Yesterday I sat in a small house, within virgin Atlantic coastal forest - the last 100,000 hectares left on the Pernambuco coast - discussing the implementation of a Restorative system within the Federal Pernambuco University, considered by many one of the country's best places of advanced learning. Surrounded by cacau, dendê palms, boggy ponds punctured by prehistoric water trees, and the extraordinary chaotic order of sounds - frogs, birds, monkeys...., and endlessly shifting smells of sweet, bitter, pungent..... - the proximity of wild nature changed the conversation.

By osmosis I experienced my thinking changing and the conceptual framework necessary to sustain the logic of exclusion and imposed pain become increasingly fragile. From permaculture we (re)learn that nature wastes not. The uniqueness of each sound, each leaf, each life form does not presume disconnection from the whole. Rather separateness is unknown and everything co-exists. Responsibility - the ability to respond and the action of doing so - is a given, and is the manifestation of that interconnectedness. Nature is in a constant process of decay-growth, of falling-restoring.
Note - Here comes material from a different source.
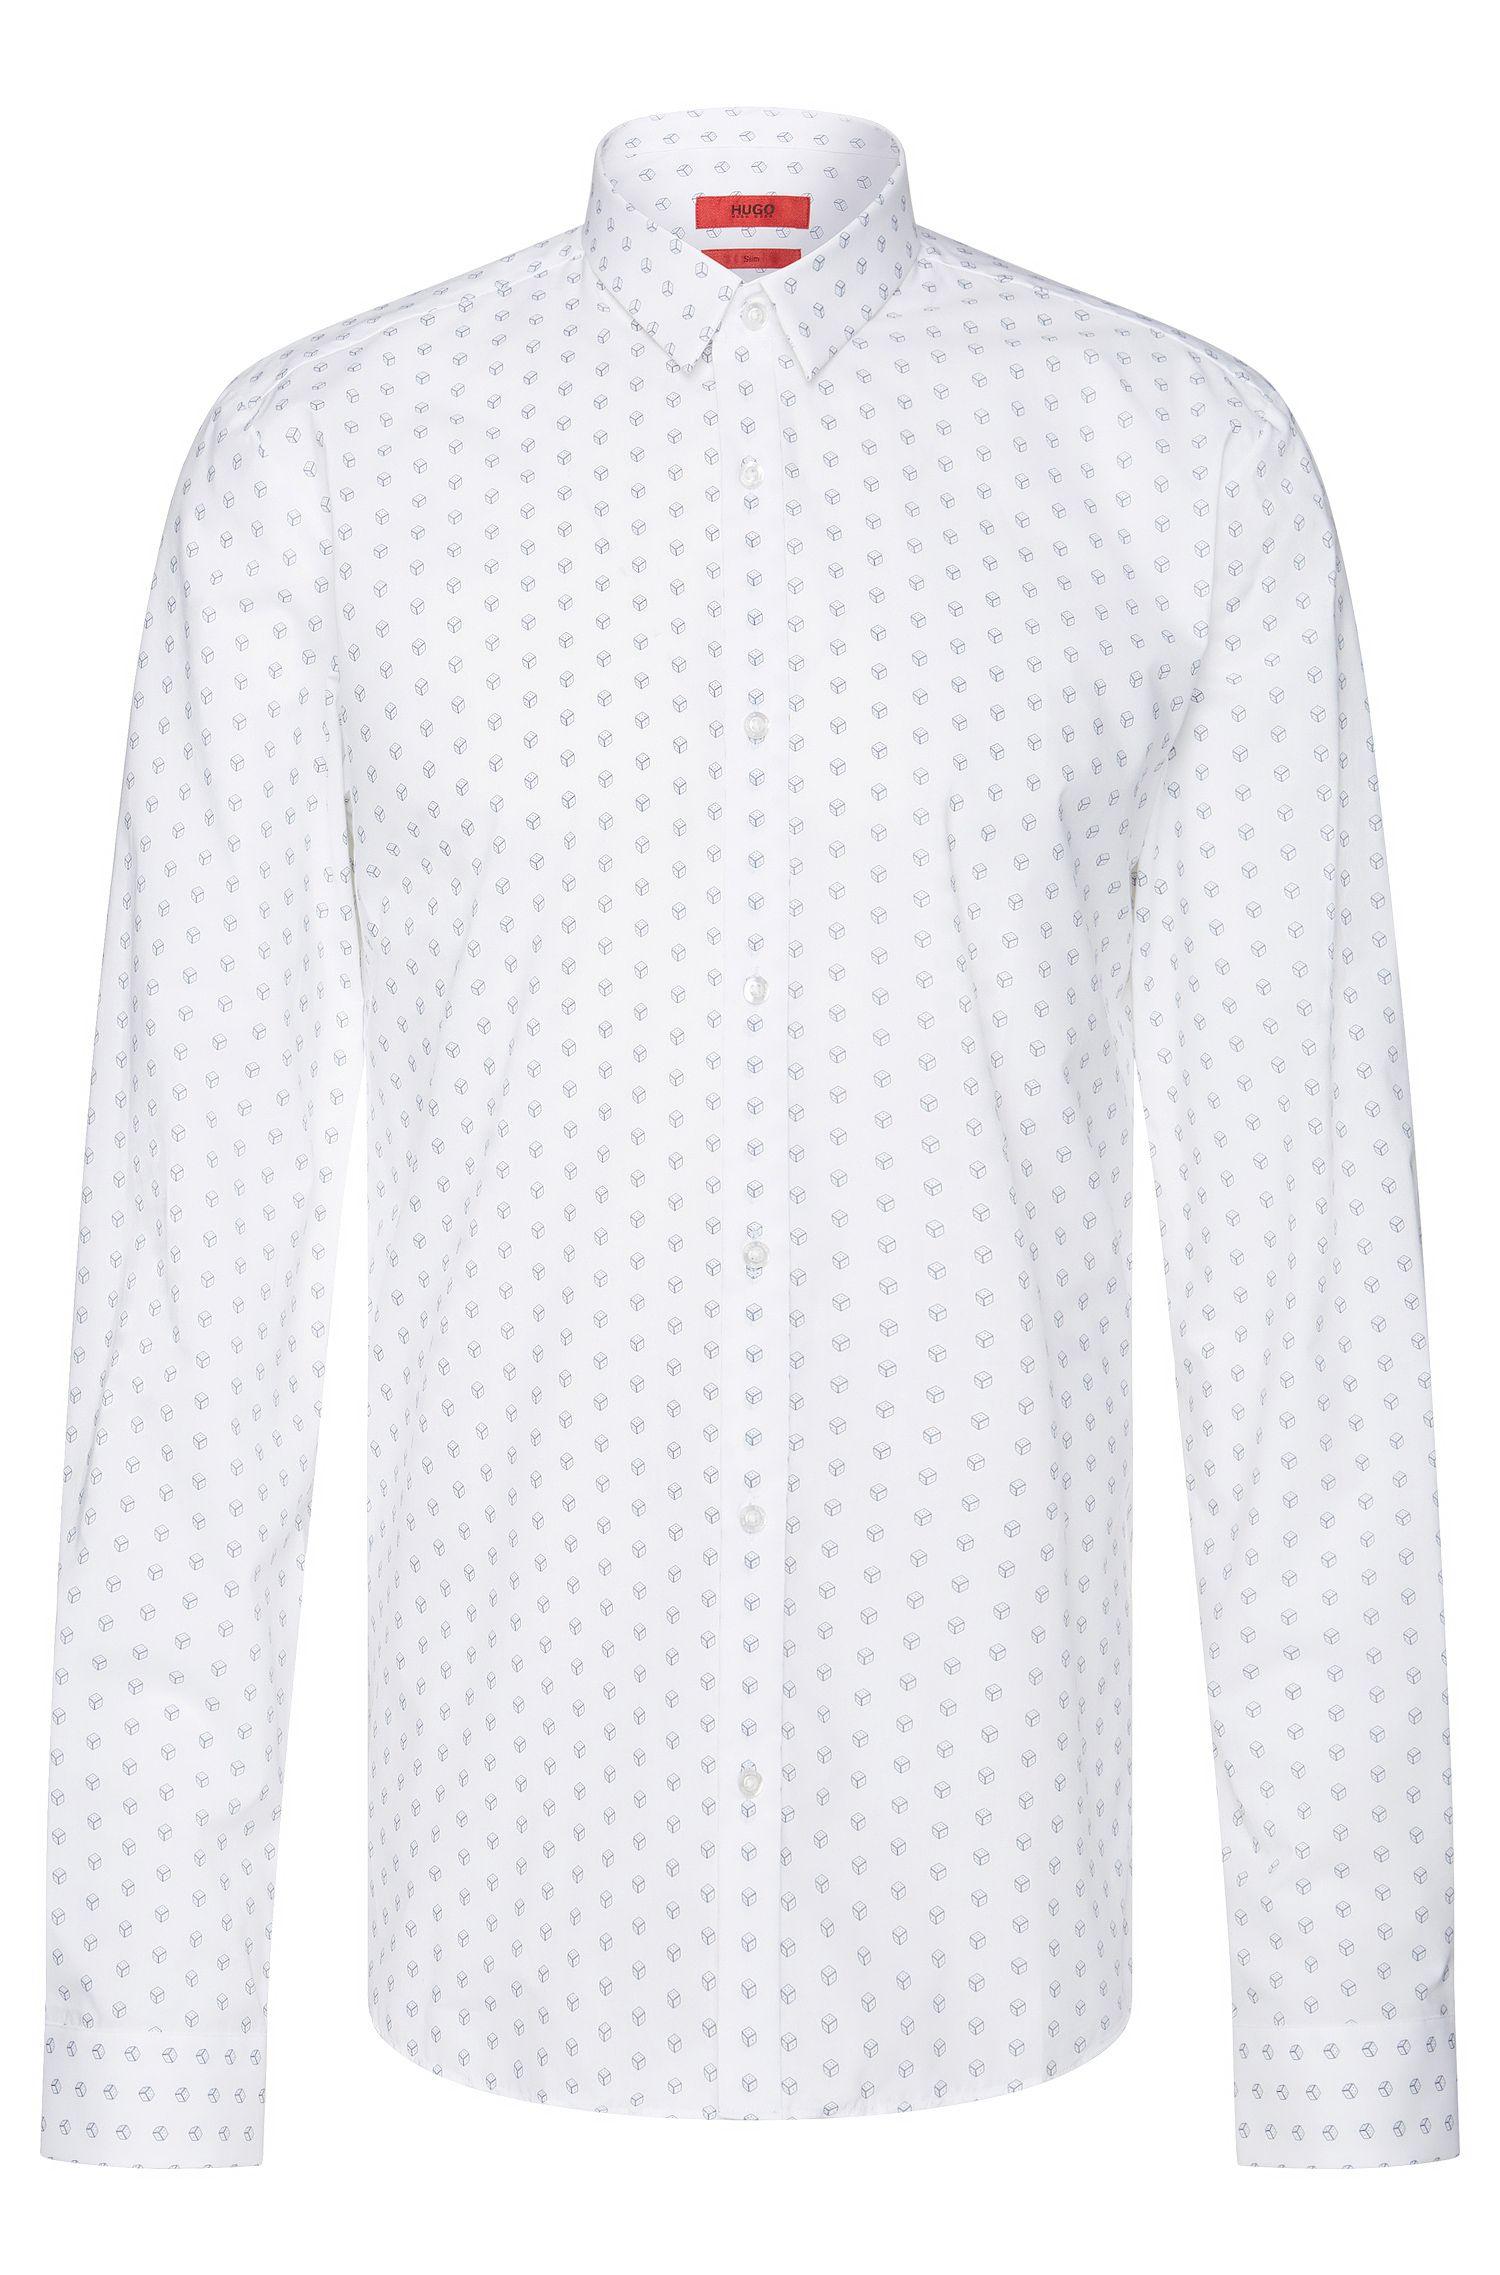 'Ero' | Slim Fit, Stretch Cotton Dice Button Down Shirt
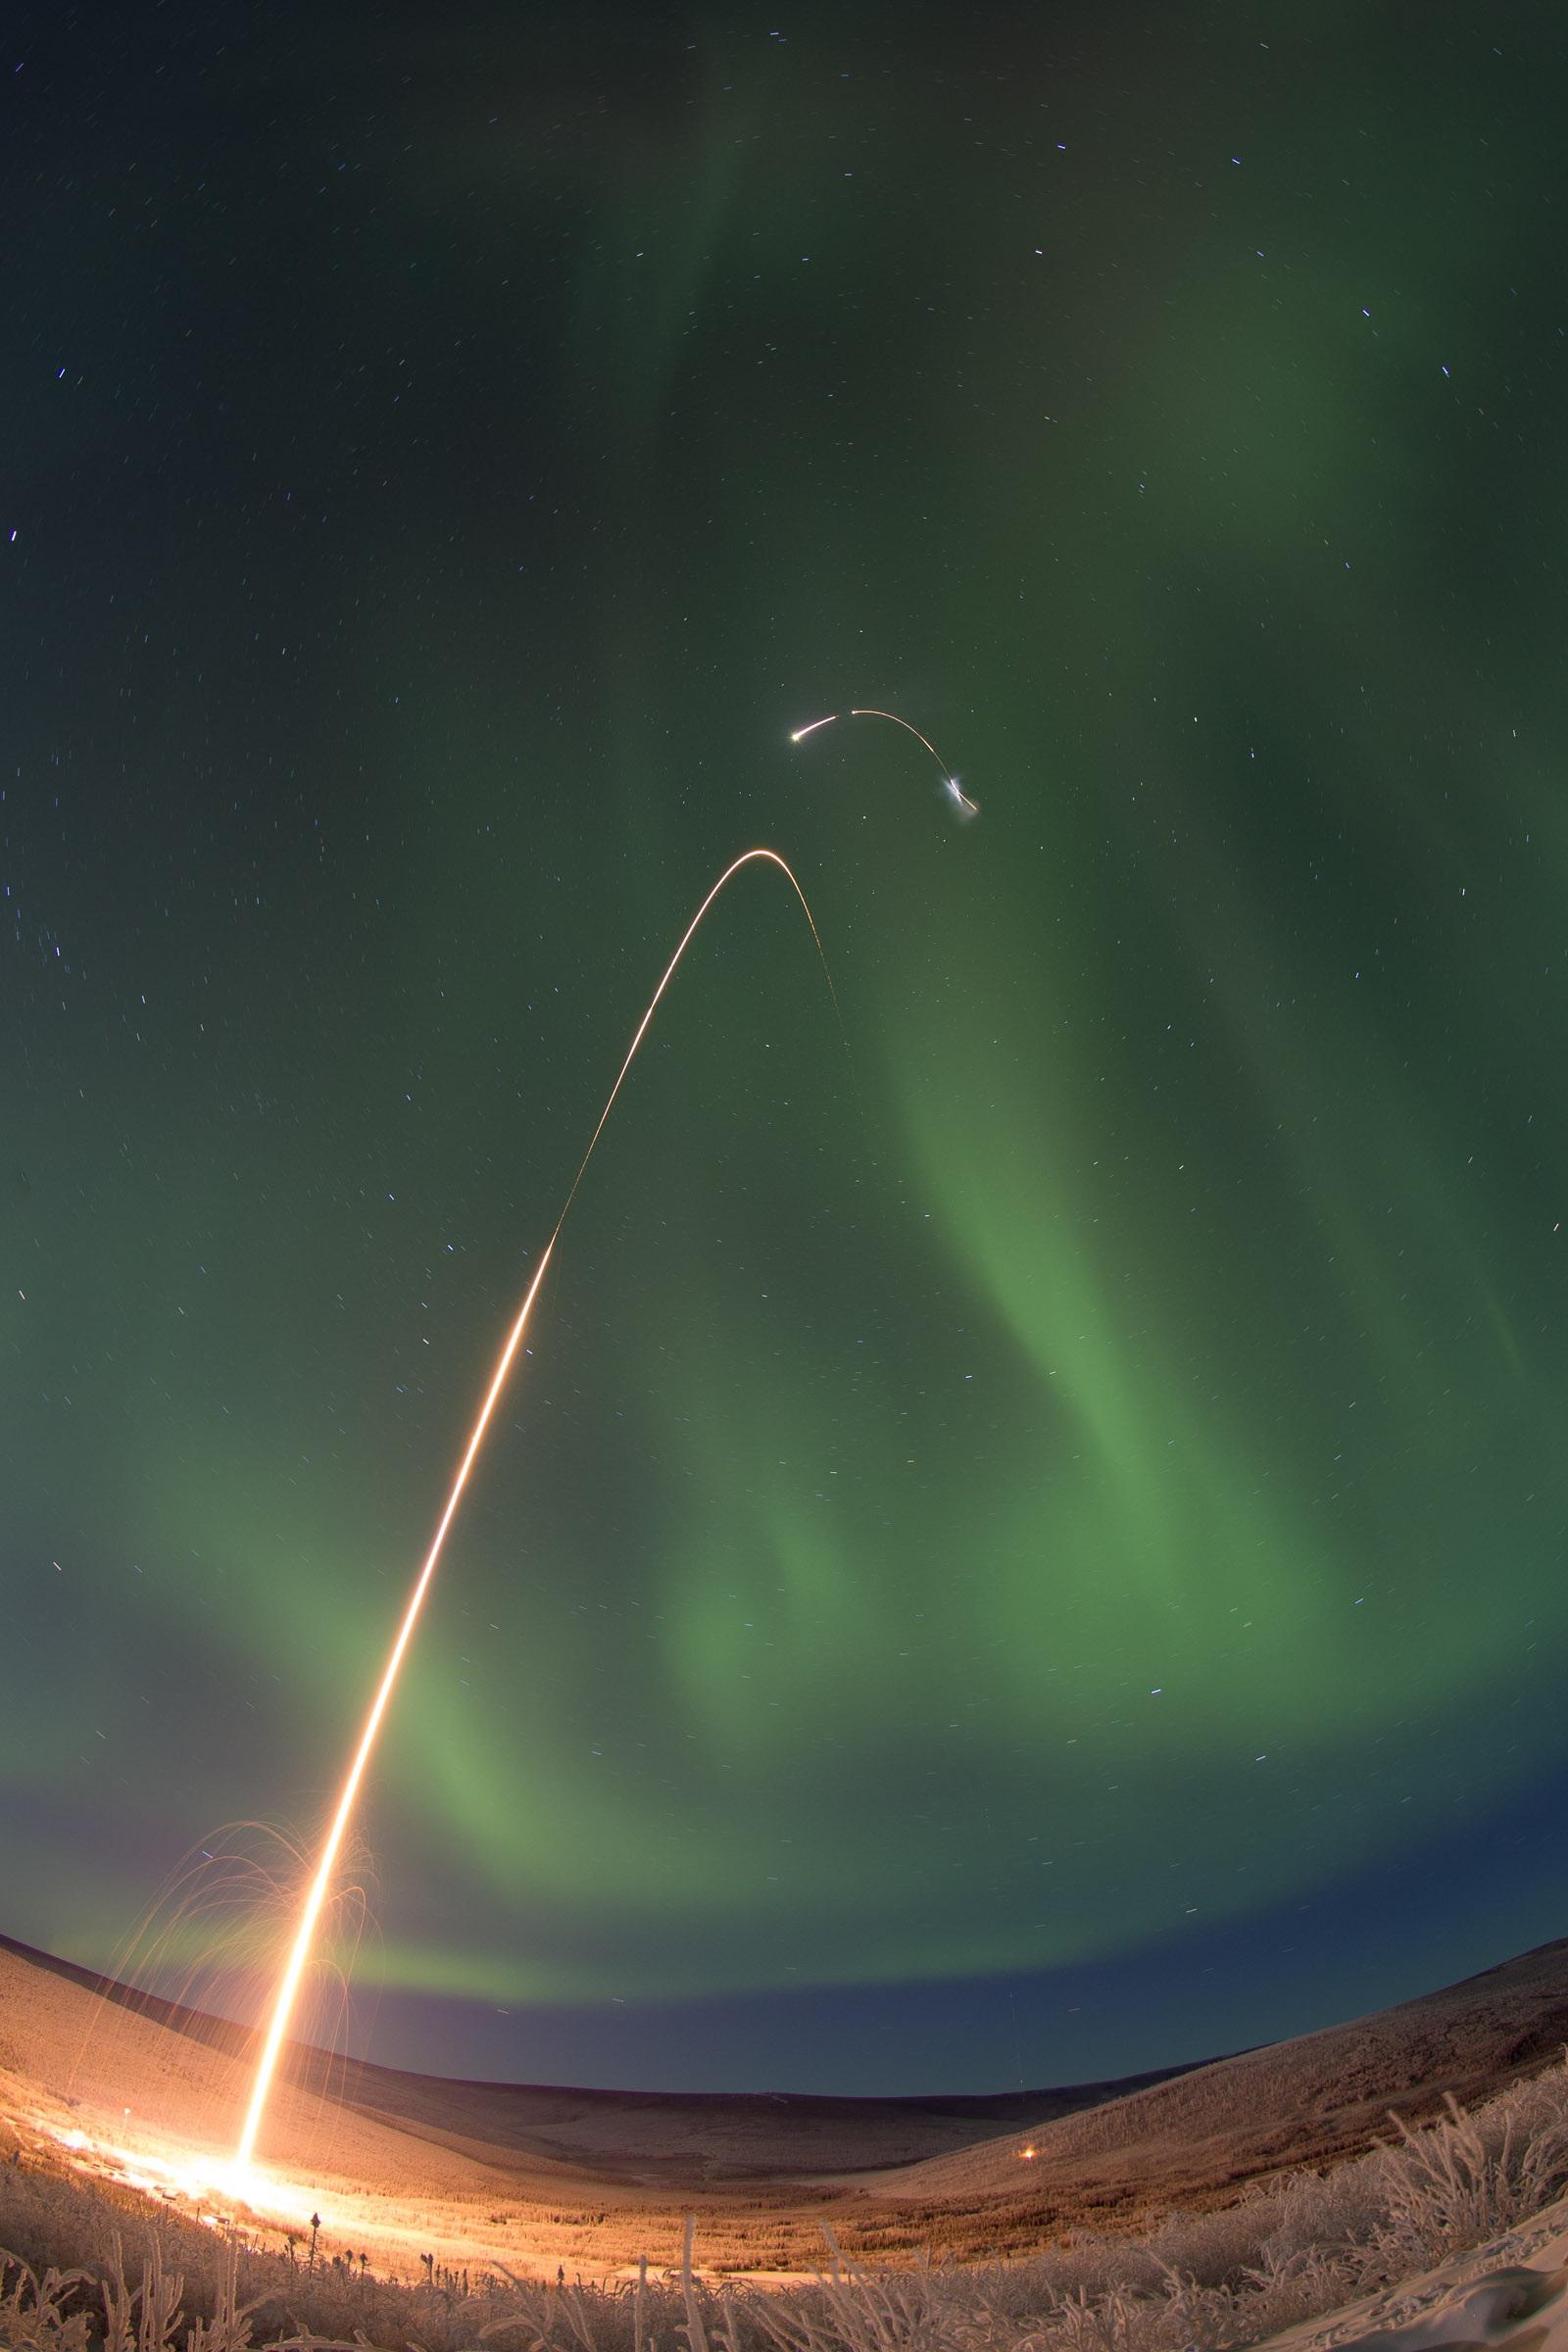 ASSP Sounding Rocket Launches Successfully from Alaska   NASA

On the macro level we call this evolution. On the micro level we call this learning.

This afternoon I sat in a large prison on the outskirts of Rio de Janeiro. Around 40 of the 1000 or so inmates - convicted of armed robbery, murder, drug smuggling or selling, non payment of alimony - sat with me in the prison church to discuss establishing a Restorative system within the prison. Most came from the communities in which police killed 22 39 (updated) more people this weekend, and drug-gang gunfire downed a police helicopter. They sleep in cells in groups of 75 or more. "I opened my eyes last night and watched the rats crawling over those asleep on the floor", I was told.

Each inmate is held not simply within the walls, gates, bars and locks of the physical compound but within a web of permissions. For every action they desire, the willingness of a guard is necessary. To go to the toilet, to wash their hands, to read. "They are trying to break our spirit. You have to be very strong. Our bodies break, but our values keep us going". Fights break out. "We have our own justice - between us", I heard, to smiles and nods, "but today I saw that it is the same as the one they use against us".

There is a labyrinthine process of permissions ahead. But come the New Year I intend to offer Restorative Circle Facilitator Practice modules to those inmates who wish.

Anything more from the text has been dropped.